So much for the list of names. Who the devil were these women?
Ana had thought about them enough to give them personalities, like characters in one of her books.
Kitty was a coquette, Laurel was a busybody.
Janet was the worst, a real hard-headed tyrant, ordering an uncharacteristically docile Dex about the bedchamber.
She had to get a handle on her imagination. Thinking about Dex in another woman’s bed, giving her those whispered commands, made her stomach lurch. He’d explicitly told her to forget about the list of names, warning that it held no meaning that concerned her.
After a stretch of silence, the maids stopped alongside her and bobbed curtsies. “We must be running along, Your Grace, with your permission,” said Agnes.
“We’re delivering baskets of food and sundries to the widow Miller, in Darbyton, to the east,” continued Cloris, picking up the thread. “She’s feeling poorly again, and the duke says we are to look after her.”
Another good deed. Add it to the pile of mysteries. “He must have a fondness for her. What is the connection?”
“His Grace doesn’t say and we haven’t asked. He just says run along and tend to her whenever she’s ailing. She gets the nervous headaches, she does. Hasn’t been the same since she lost her husband in the war. Almost lost her house, too, until she came into some money unexpectedly.”
“Ah!” cried Agnes. “I just thought of something, Cloris, we are silly old things. We do know a Kitty, indeed we do. I’m a fool not to think of it sooner.”
Ana felt her legs go numb, rooted to the ground. “Who is she?”
“Why, it must be the widow Miller. Katherine’s her Christian name, but she was Kitty to her husband, sure enough, I heard her say it, and must be so to the duke as well. How droll! You ask about a Kitty and we are off to see the very one. Would you like us to pass along a message?”
Ana thought quickly. She was dying to know more about the woman.
But what could she say that didn’t sound dreadfully awkward and upsetting?
Are you or have you ever been my husband’s mistress?
Why is he lavishing baskets of food on you?
By all accounts, the woman was unwell and pining for a departed spouse.
She would think about it and revisit the subject later, Ana decided, perhaps pay the widow a visit on her own.
“No, that’s fine. Goodbye! Have a pleasant journey. ”
“Goodbye. Mind you don’t get lost in the hedge maze!” And they took their leave, sensible black cloaks flapping in the breeze.
Ana continued along, lost in thought. She reached the hedge maze, with its neat springy green walls, and entered, taking turns at random.

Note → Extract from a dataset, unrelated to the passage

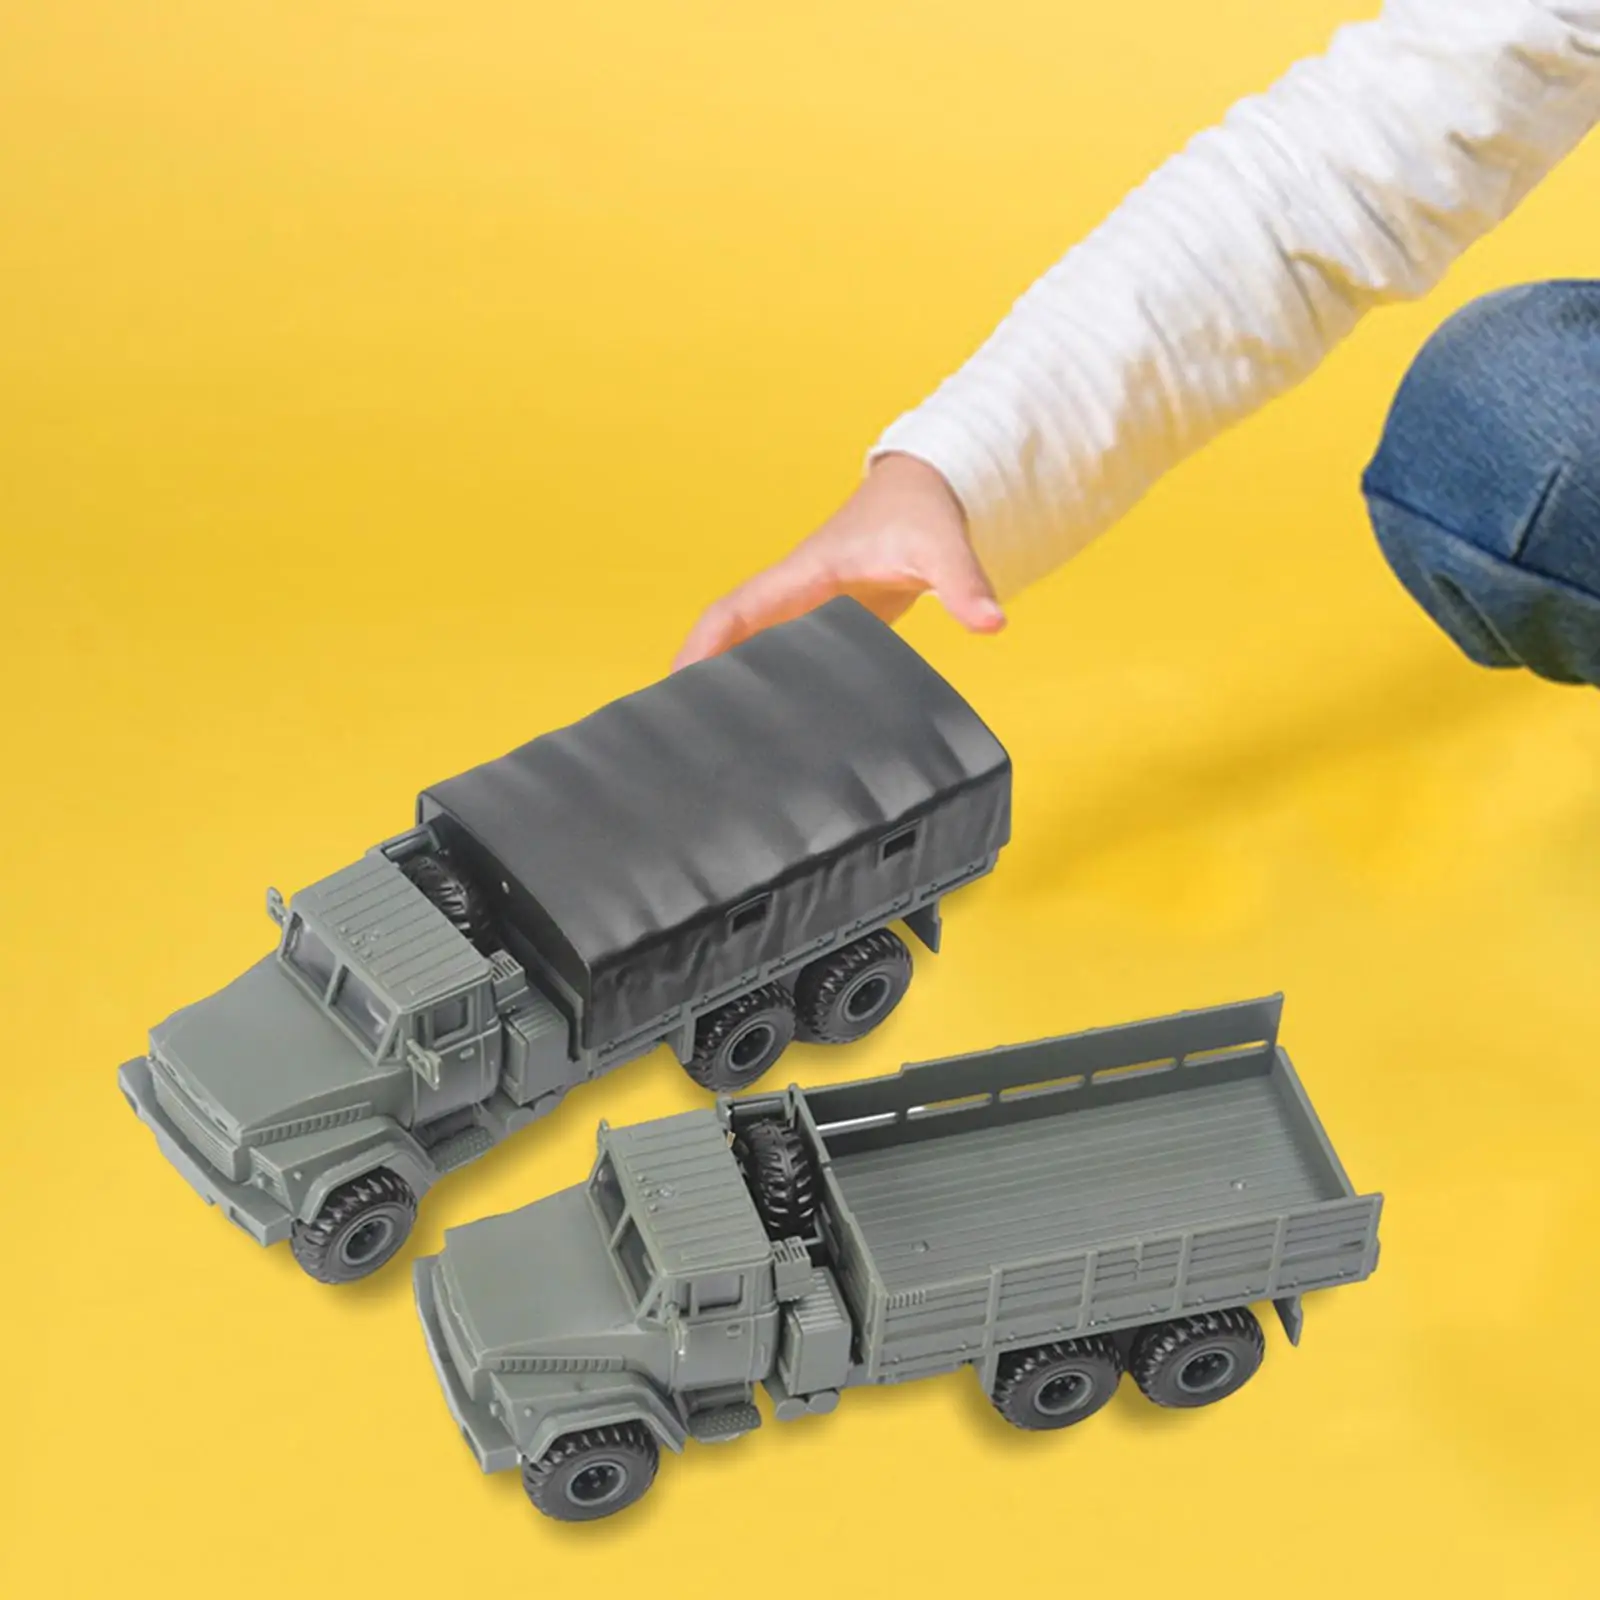 2 Pieces 1:72 Transport Truck Model Accessories Collection Ornament Toys Display Toy Car for Tabletop Gifts Unisex Boys Children

Kitty Miller. The same sensation of being elbowed in the ribs by a distant memory she’d felt earlier in the day nagged at her again.
Miller. There had been a Miller in her father’s company!
In Dex’s company. She’d written him a letter, addressed somewhere .
. . she couldn’t remember, would have to check.
Was it Darbyton? Could it have been? Kitty Miller. Widowed in the war. It must be.
She pictured the list she’d copied out at the War Office, a handful of names and titles, addresses flung across the countryside.
Miller, Merrick, Harrison . . . Alcox! There had also been an Alcox in the company.
Tessie, Kitty. Alcox, Miller. The lists hung side by side in the air in front of her mind’s eye.
Her handwriting, cramped with grief, the duke’s dark scrawl.
They were the same list, seen from different angles.
The duke had hired Tessie at some point not so long ago.
Her father must have been in his company, and he was obviously taking care of Sergeant Miller’s widow, too.
Janet and Laurel—they must be surviving family members of other compatriots he’d lost. Probably experiencing generous strokes of good fortune by the duke’s machinations, their financial concerns taken care of, no longer alone in the world.
She could place herself on that list as well.
Another good deed, or five, for the pile.
At this rate, he’d achieve sainthood before too long.
The thought brought a smile to her lips, Dex in martyr’s robes, a halo crowning his dark head.
She’d solved one of the enigmas of this man she was married to.
She’d find the perfect time to tell him she’d solved one of his mysteries.
He couldn’t hide his kind deeds from her.
She’d won a minor battle in the war, he would have to acknowledge it.
And maybe, seeing how futile it was to remain so opaque in the face of her determination, open up about other things.
She was at this point rather lost in the maze, she realized.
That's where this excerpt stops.